This meta-network did not learn the tasks. It learned how to change the learning rule itself. After each generation of agents, it adjusted the rule so the next generation could adapt more successfully. Over many cycles, this artificial evolutionary pressure caused a new learning rule to emerge. The researchers named the discovered rule DiscoRL, and a specific implementation, tested on 57 Atari environments, was nicknamed Disco57.

When Machines Outperform Their Makers

To see whether Disco57 amounted to more than a curiosity, the team used it to train a fresh AI agent and evaluated its performance against some of the strongest human-engineered algorithms ever developed, including PPO and MuZero.

First came the classic Atari Benchmark — a widely respected stress test for general intelligence in digital agents. Disco57-trained agents outperformed all human-designed reinforcement algorithms on that benchmark. Then came the harder test: unseen environments. These included procedural worlds (ProcGen), survival-style simulation (Crafter), and the notoriously unforgiving dungeon crawler NetHack, where strategies must be invented on the fly. Again, DiscoRL showed state-of-the-art performance, despite never being explicitly programmed by humans for these domains.

This matters because doing well on unseen tasks is the closest thing AI has to a definition of “true intelligence.” It demonstrates not memorization but transferable learning. DiscoRL wasn’t just running a clever rule invented by researchers — it was using a learning strategy invented by itself through an evolutionary search process.

The End of Hand-Crafted Learning?

The elegant and unsettling implication of the study is that humans may no longer be needed to design the architectures of learning itself. Instead of writing the rules, humans might increasingly build the systems that evolve the rules. The researchers themselves acknowledged this in the closing lines of their paper: the algorithms required for stronger AI may soon “be automatically discovered from the experiences of agents, rather than manually designed.”
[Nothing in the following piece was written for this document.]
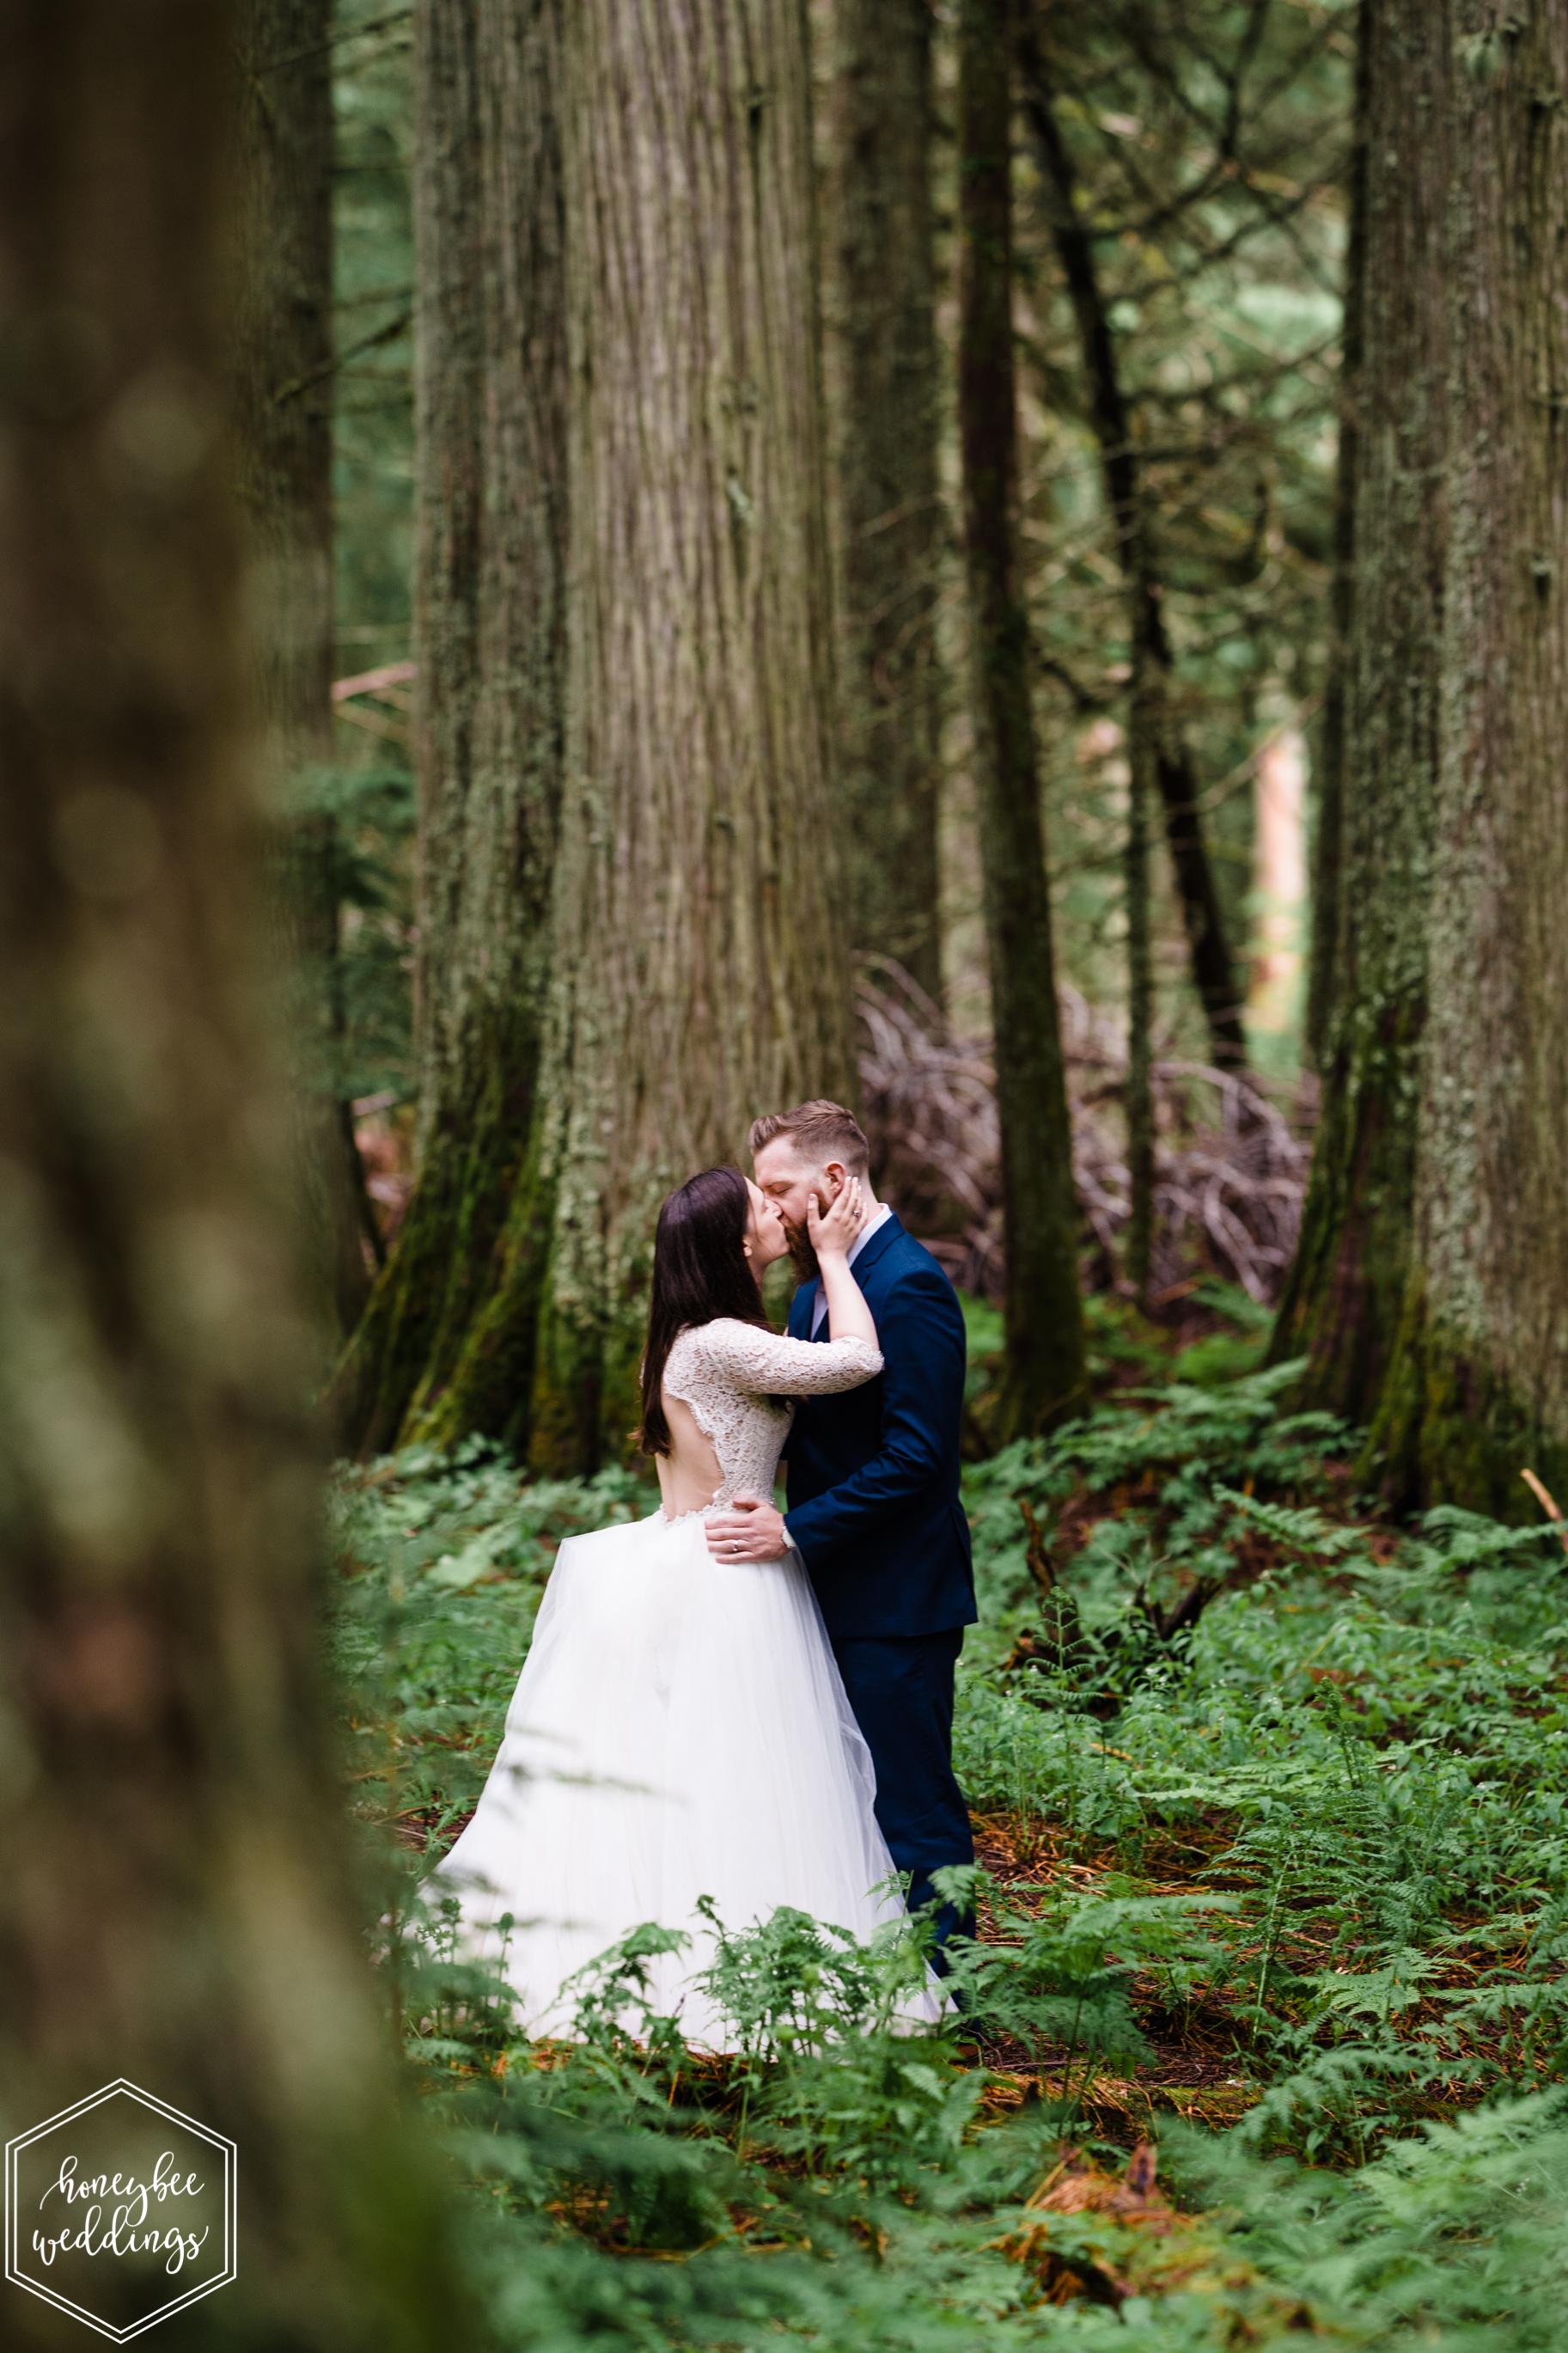 319Glacier National Park Wedding_Izaak Walton Inn Wedding_Honeybee Weddings_Norah & Kyle_June 09, 2019-151.jpg

This marks a philosophical shift. For decades, human intuition has been the ceiling on machine learning progress. We taught machines how to think the way we imagined thinking works. But evolution does not care about our intuitions. It explores regions of possibility human minds would never consider, because we are limited by imagination, convention, and time. Machines running evolutionary meta-learning have none of those constraints.
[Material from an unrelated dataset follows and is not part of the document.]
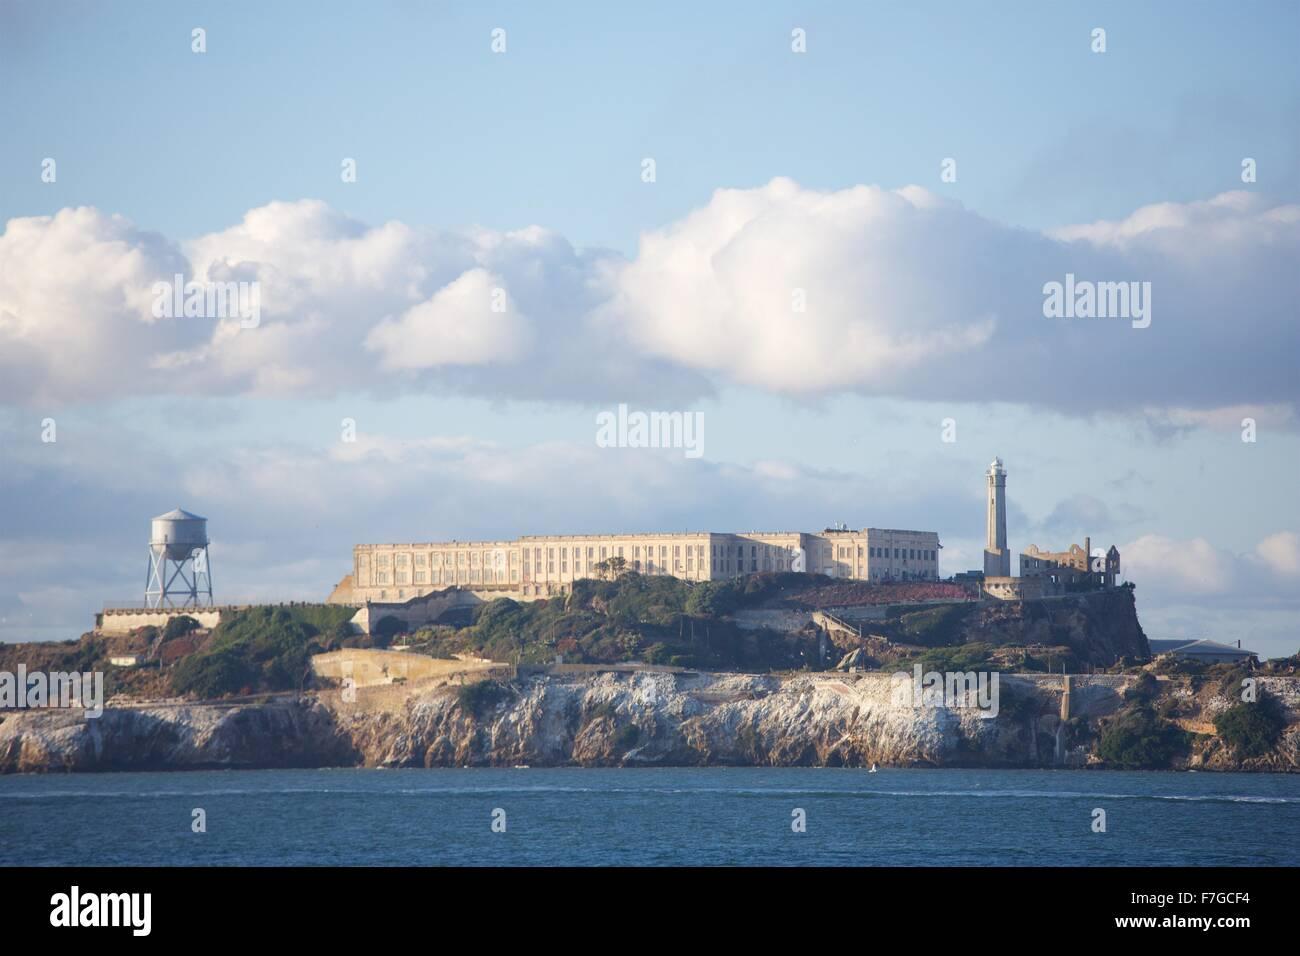 Alcatraz in late afternoon sunshine, San Francisco, California - Stock Image

An Unscripted Future for Artificial Minds

What was once a speculative fear — that AI would begin improving itself — may soon become a simple engineering reality. Not in the science-fiction sense of runaway superintelligence, but in the concrete, incremental sense that learning rules will no longer be authored by people. AI will begin to write the logic of its own intelligence.

That does not render humans obsolete. We still decide the goals, environments, safeguards, and evaluation criteria. But the intellectual center of gravity is shifting. We are moving from a world where AI is built, to a world where AI is bred; from instruction to evolution; from algorithms authored by humans to algorithms authored by machines.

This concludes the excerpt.